Eli Whitney, an American Inventor
Eli Whitney was born in Westborough, Massachusetts on December 8, 1765, the eldest child to Eli Whitney, a prominent farmer, and Elizabeth Fay. Eli was a sort of mechanical prodigy, as demonstrated by his operation of a nail manufacturing business out of his father's workshop during the American Revolution.
Eli's mother, Elizabeth, died when he was 12, and even though he aspired to attend Yale, his stepmother opposed it. Eli worked as a laborer and tutor to save enough money to attend Leicester Academy and then Yale in 1792. Eli's intention was to study law at Yale, but he needed more money to continue his studies. He accepted a position as a tutor in South Carolina.
On his voyage to South Carolina, he met the widow of General Nathanael Greene, a Revolutionary War hero. Mrs. Greene convinced Eli to work for her at Mulberry Grove, her plantation outside of Savannah. Her plantation manager and husband-to-be was Phineas Miller, a 1785 Yale graduate.
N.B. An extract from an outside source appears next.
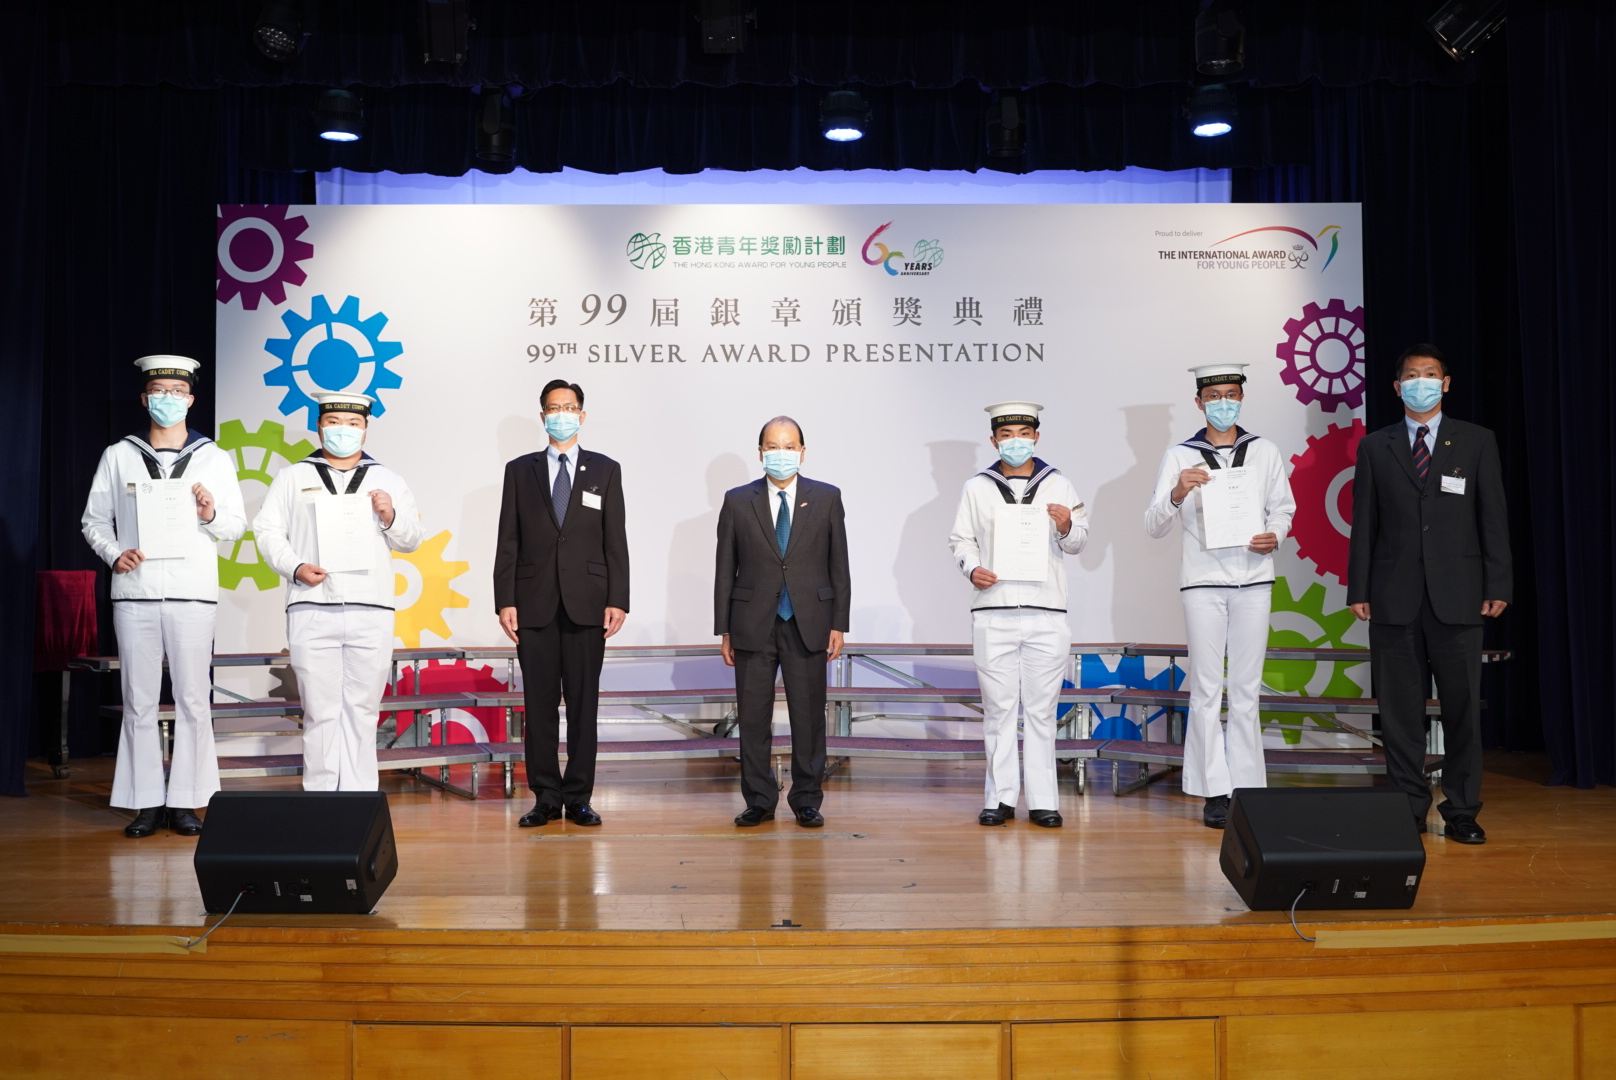 The 99th Silver Award Presentation (19/04/2021)

During his tenure at Mulberry Grove, hearing about the problems related to seed removal in cotton, Eli Whitney designed and built the cotton gin. Immediately upon hearing of this invention, plantation owners began planting cotton, creating a high demand for the gin.
Phineus Miller, Eli's partner in the gin, and Eli had decided that their revenues from this invention would not come from selling the cotton gins, but from ginning the cotton themselves, the business model created by gristmill and sawmill owners. However, the extraordinarily high demand for the ginning, the slow production of the device, and resentment of the business model, created a situation where the design was stolen and imitation gins were set up all over the south. Any profits Phineus and Eli made from the patent (X72 on March 14, 1794) were quickly depleted in patent infringement lawsuits. Phineus and Eli's New Haven cotton ginning company went out of business in 1797.
Eli Whitney moved on to other inventions. The French Revolution gave the Americans a reminder that they needed to re-arm in the case of war with another country, and Eli obtained a contract in January 1798 to manufacture muskets and deliver 15,000. He delivered the muskets in 1809, but with an added bonus - he also delivered the concept of interchangeable parts. This concept, along with improved machining techniques and the division of labor sparked the Industrial Revolution in the United States.
Eli Whitney married Henrietta Edwards in 1817, and they had four children, one of which was Eli Whitney, Jr. who was an inventor in his own right having manufactured the Whitneyville Walker Colt for the Texas Rangers.
Eli Whitney died of prostrate cancer on January 8, 1825 and is interred at the Grove Street Cemetery in New Haven. He is memorialized at Yale College where one of the four doors into the college is named after him.